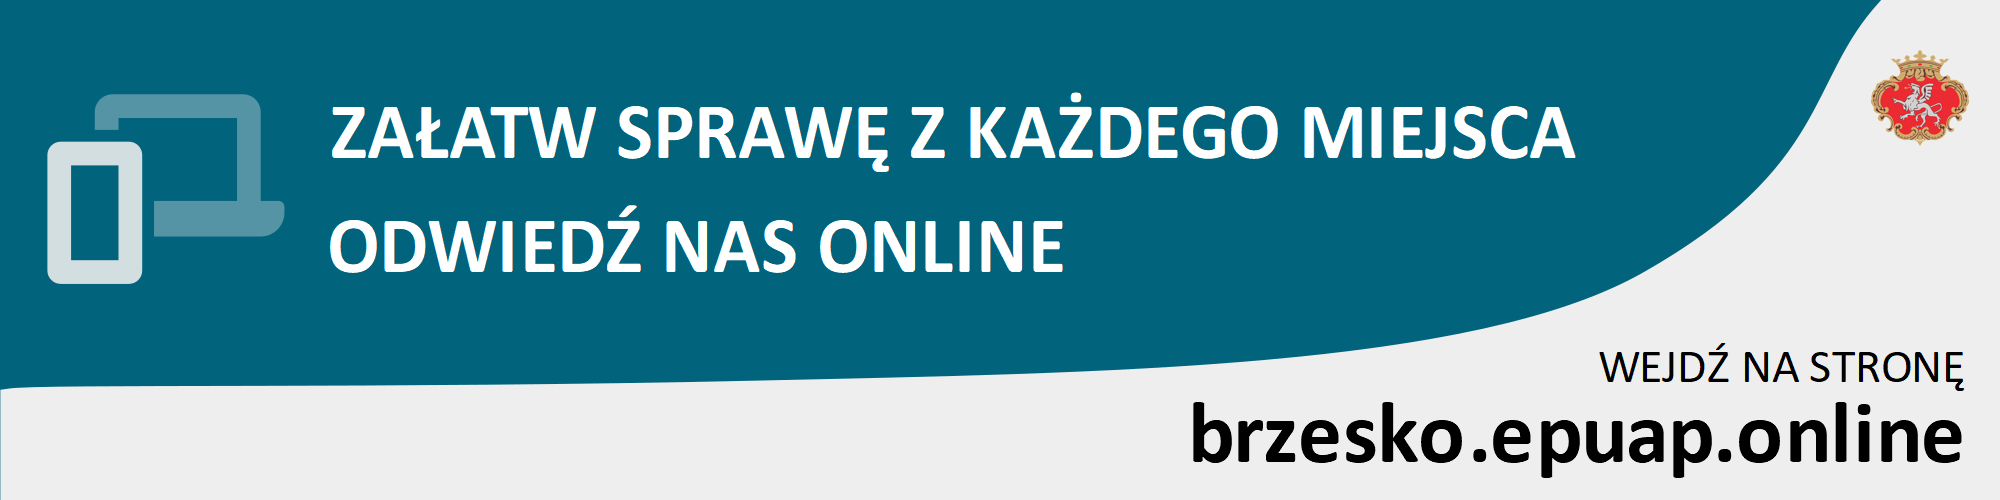 brzesko-online.png
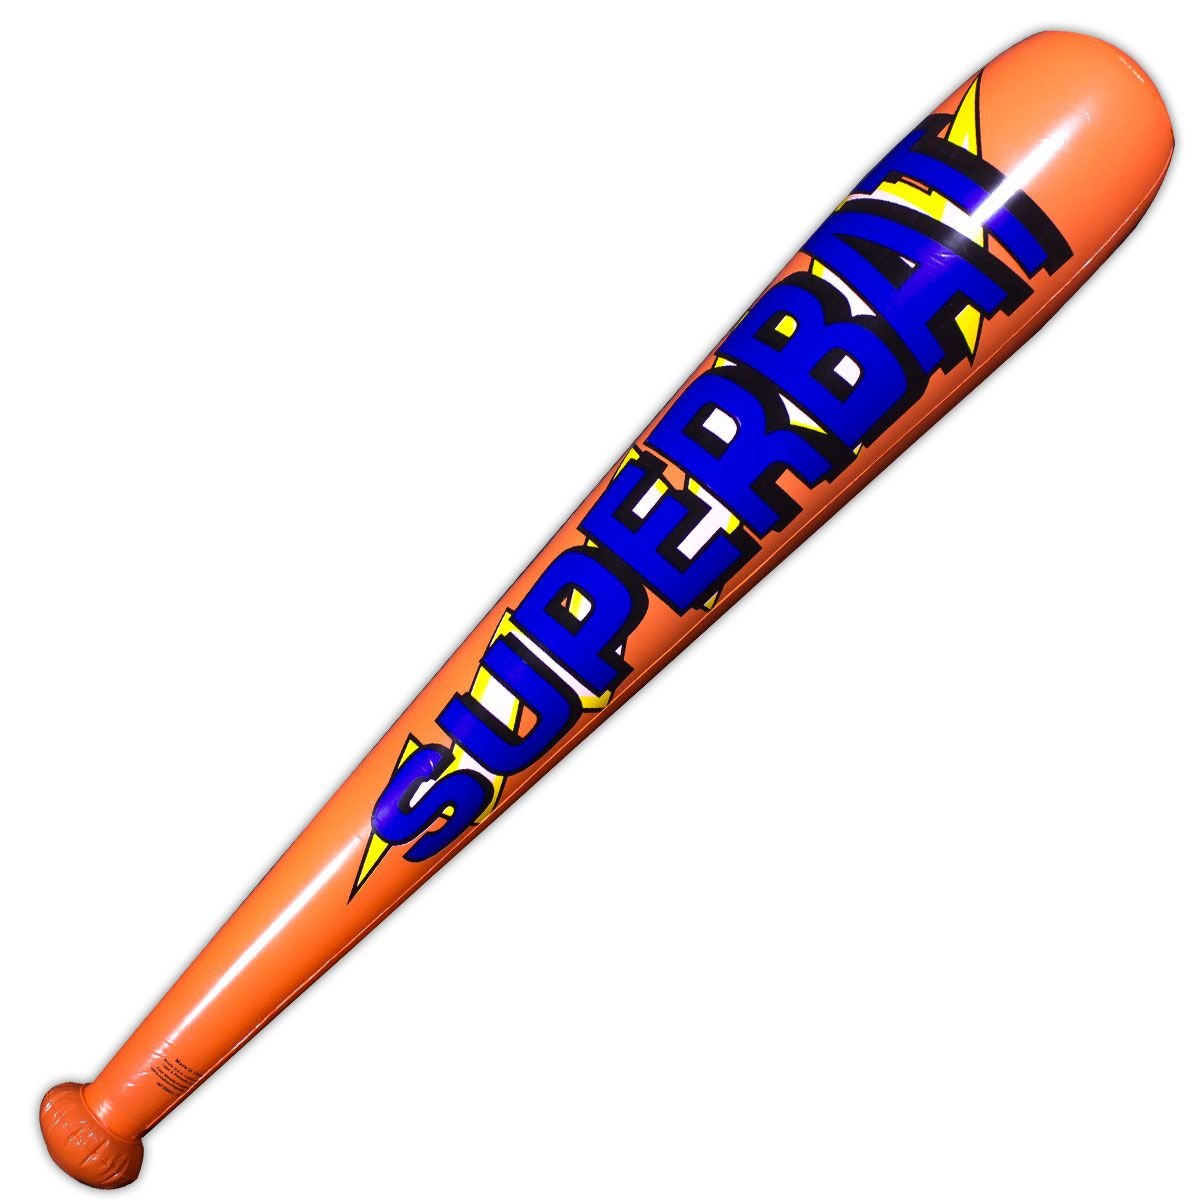 NEW Inflatable Baseball Bats  Black or Orange  One Dozen FREE SHIPPING 
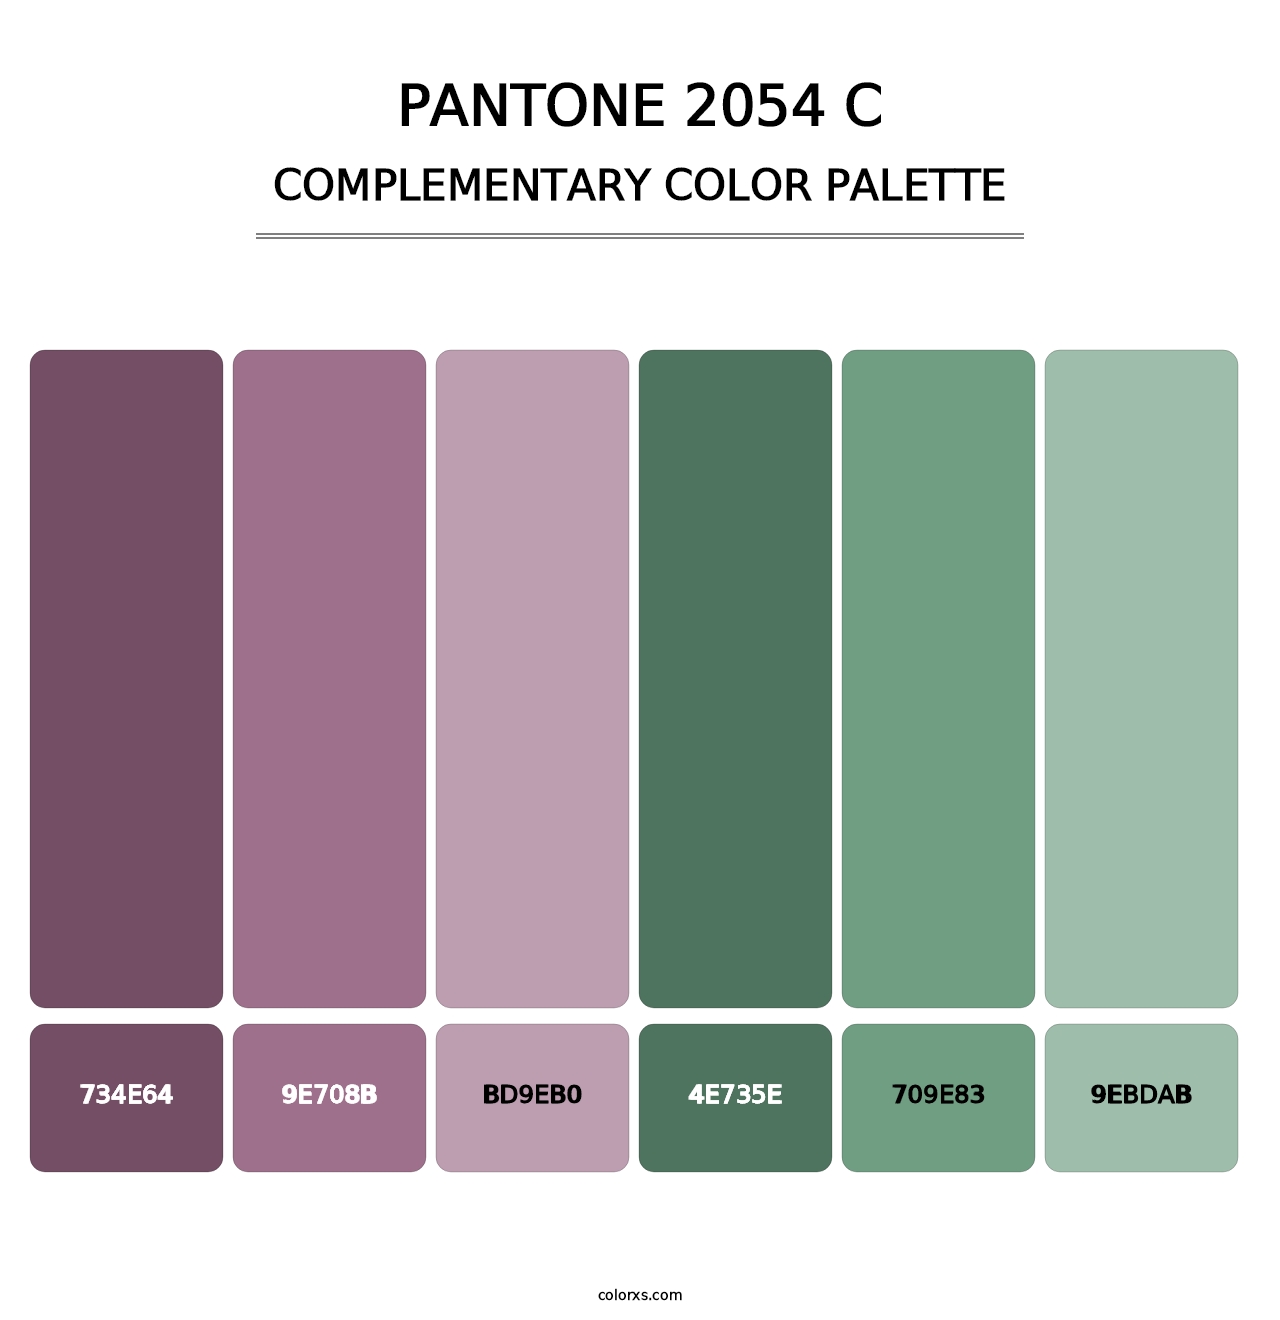 PANTONE 2054 C - Complementary Color Palette
━━━━━━━━━━━━━━━━━━━━━━━━━━━━━━
_Problem details_
What the answer must hold: all the data above, given again exactly, without pictures.

_Response for this exercise_
 brzesko-online.png
 NEW Inflatable Baseball Bats  Black or Orange  One Dozen FREE SHIPPING 
 PANTONE 2054 C - Complementary Color Palette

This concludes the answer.